Intégration des digues domaniales dans l'actif des collectivités
Posée le 27/03/2025 • Ministère interrogé : Aménagement du territoire et décentralisation
Nadia Sollogoub UC
Sénatrice — Nièvre
La question
✓ Réponse du gouvernement
Publiée le 30/04/2025
Mme Nadia Sollogoub. Madame la ministre chargée du logement, vous n'êtes pas sans savoir que, dans le cadre de l'exercice de la compétence dite Gemapi (gestion des milieux aquatiques et prévention des inondations), le transfert de la gestion des digues domaniales entraîne l'inscription de ces ouvrages à l'actif des collectivités concernées, communes ou établissements publics de coopération intercommunale (EPCI).

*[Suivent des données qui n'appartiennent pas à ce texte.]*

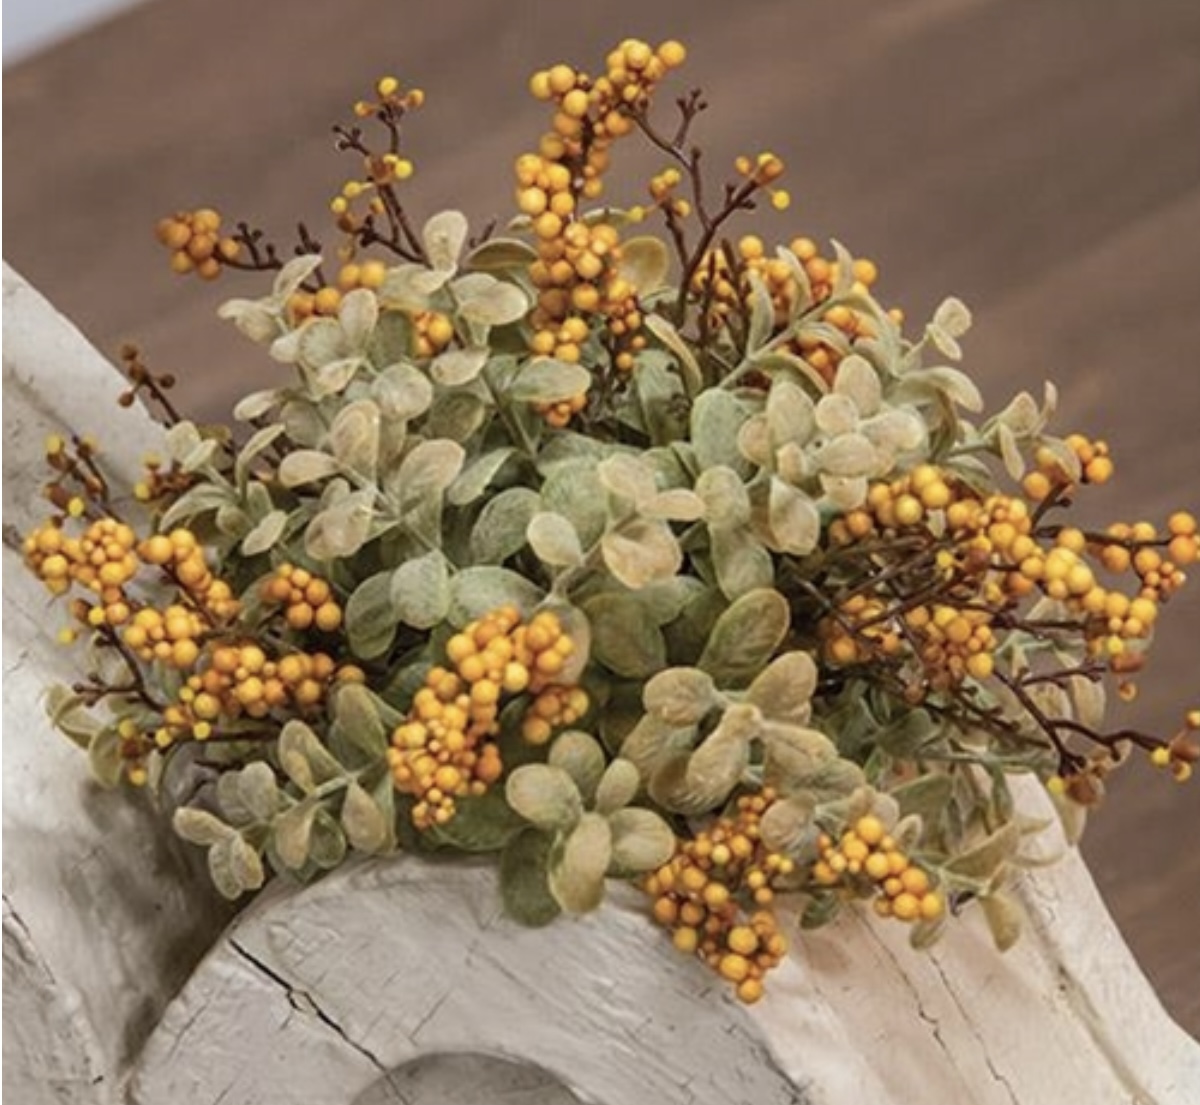 Lend any space a touch of refinement with the Pebble Creek Half Sphere on a flat base. This sphere boosts foam berries in a deep yellow shade perfect for curating autumn looks or for year-round display.  It looks darling in a decorative bowl or atop a shelf and would make a charming centerpiece
Measures 10 inches diameter and about 4 inches high

Voilà qui pose un énorme problème comptable, car certaines de ces digues ont une valeur qui peut s'élever à plusieurs dizaines de millions d'euros. Quid, dès lors, de l'amortissement de ces biens qui doivent être inscrits, je l'ai dit, à l'actif des collectivités ?
Nous comprenons parfaitement la logique qui préside à une telle inscription comptable : il s'agit d'assurer l'entretien dans le temps de ces ouvrages. Cependant, l'écriture annuelle de l'amortissement risque de déséquilibrer complètement la comptabilité des collectivités concernées.
J'appelle donc l'attention du Gouvernement sur ce problème majeur, qui doit nous alerter et auquel il faut trouver une solution.
Mme la présidente. La parole est à Mme la ministre.
Mme Valérie Létard, ministre auprès du ministre de l'aménagement du territoire et de la décentralisation, chargée du logement. Madame la sénatrice Nadia Sollogoub, permettez-moi d'excuser mon collègue François Rebsamen ; je vais vous livrer la réponse qu'il a préparée à votre attention.
Le principe de la mise à disposition à titre gratuit de digues domaniales à la commune ou à l'EPCI compétent en matière de défense contre les inondations et contre la mer est effectif depuis janvier 2024.
Si la mise à disposition des digues domaniales aux collectivités implique pour ces dernières les droits et obligations rattachés à la gestion de ces ouvrages, notamment en matière d'entretien et d'investissement, elles n'ont pas l'obligation d'amortir les dépenses d'investissement qu'elles leur consacrent.
En effet, le périmètre d'amortissement obligatoire applicable aux collectivités du bloc communal, à l'exception des métropoles, est précisé par le code général des collectivités territoriales : il n'inclut pas les digues. Pour ce qui est des métropoles, je précise qu'elles disposent de la faculté de neutraliser cette opération d'amortissement pour annuler les effets de la dépense afférente sur le plan budgétaire, comme cela est prévu par l'article D. 5217-21 du code général des collectivités territoriales.
De manière plus générale, l'avis du Conseil de normalisation des comptes publics n'a pas de valeur normative, mais contient des préconisations en matière de gestion. En l'occurrence, ce sont les dispositions de droit commun, et donc l'absence d'obligation d'amortissement, qui continuent de s'appliquer aux collectivités exerçant notamment la compétence Gemapi.
Ainsi, comme vous pouvez le constater, madame la sénatrice, les dispositions en vigueur permettent aux collectivités de s'adapter aux enjeux comptables du transfert de la gestion des digues.
Mme la présidente. La parole est à Mme Nadia Sollogoub, pour la réplique.
Mme Nadia Sollogoub. Je vous remercie beaucoup, madame la ministre : je pousse un ouf de soulagement.
Reste qu'il faudrait clarifier les choses. Je vous renvoie à un tout récent communiqué de presse de l'Association des maires de France et des présidents d'intercommunalité, daté du mois d'avril 2025 : « Le transfert de la gestion des digues domaniales aux intercommunalités illustre bien cette situation que l'AMF dénonce. » L'État n'avait pas procédé à l'amortissement dont il est question ; après vous avoir entendue, je comprends mieux pourquoi.
« Un an après ce transfert, les collectivités concernées rencontrent toujours autant de difficultés de gestion », conclut l'AMF. Elles se retrouvent dans un flou assez important concernant en particulier l'inscription des digues domaniales à leur actif et l'obligation d'amortissement. Il semblerait que la réponse à cette question ne soit pas claire pour tout le monde : il convient que le Gouvernement adopte en la matière une doctrine claire, susceptible de rassurer les communes et de ne pas mettre en péril leur comptabilité.